Back to the topic at hand—once you instrument your client and server, you can safely set limits and alerts, allowing you full control and visibility into your system.

Querying your data

You started recording data, but how do I start querying it? At the start of this article, I mentioned that third-party tools often offer intuitive querying languages. Depending on where your team decides to store the data, you can have multiple options on how to query it. One of the most famous examples is PromQL, also known as the Prometheus Query Language.

Example:

rate(http_server_duration_milliseconds_count{
    http_status='400',
    http_route=~'/api/v3/order',
    service_name='my-web-app'
    }[5m])

Let's break this down:

Here, we're querying for the rate of requests with status code 400, which matches the route /api/v3/order pattern from the my-web-app service in a 5-minute interval.
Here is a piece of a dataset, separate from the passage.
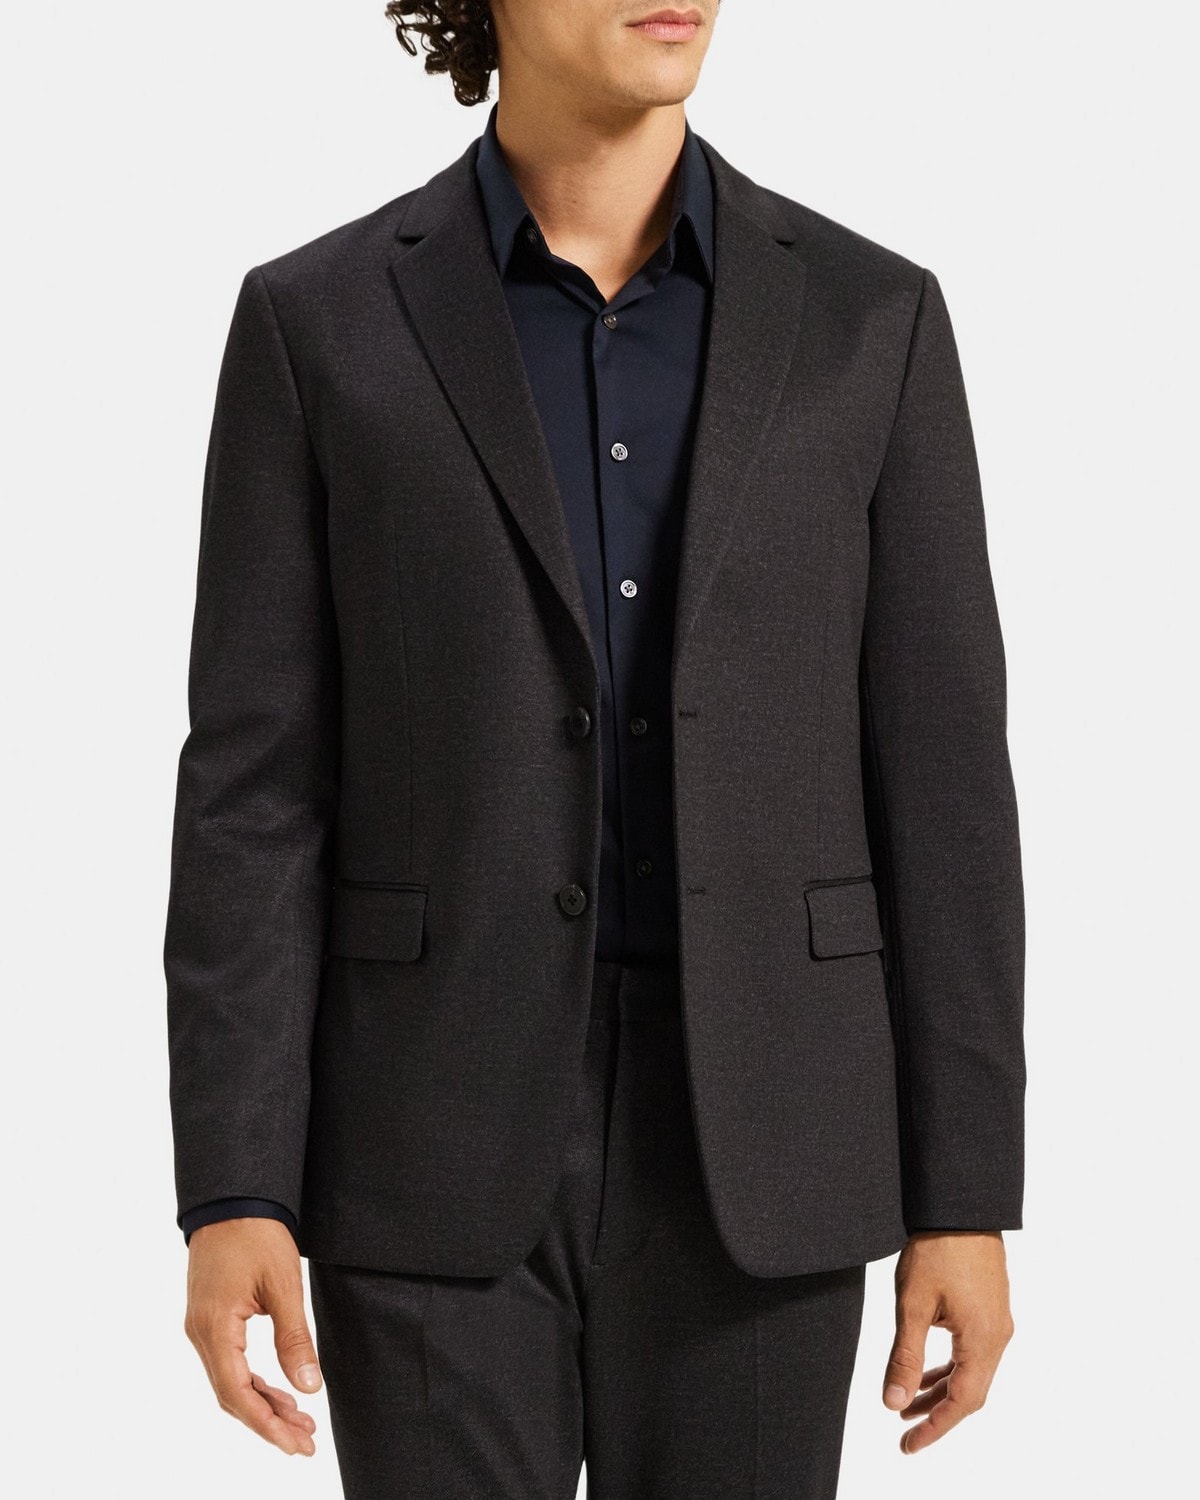 Unstructured Suit Jacket in Knit Twill

The rate() function calculates how fast the counter is increasing per second, and [5m] tells it to look back 5 minutes to calculate that rate.

This is similar to what you'd use in a real-life scenario to debug on-call issues. You could set up an alert that triggers when this rate exceeds a certain threshold, giving you immediate visibility into failing requests.

For full reference: Visit

Closing Notes

A lot of knowledge in this blog post is something I wanted to document for my future self. What you can take away from this read is that it makes you a more complete engineer if you have top-to-bottom visibility of your system and can peek through the gaps if necessary.

I encourage you to set up your systems and try to implement these tools to better understand them. The learning curve is steep, but the payoff in understanding how your applications truly behave in production is worth it.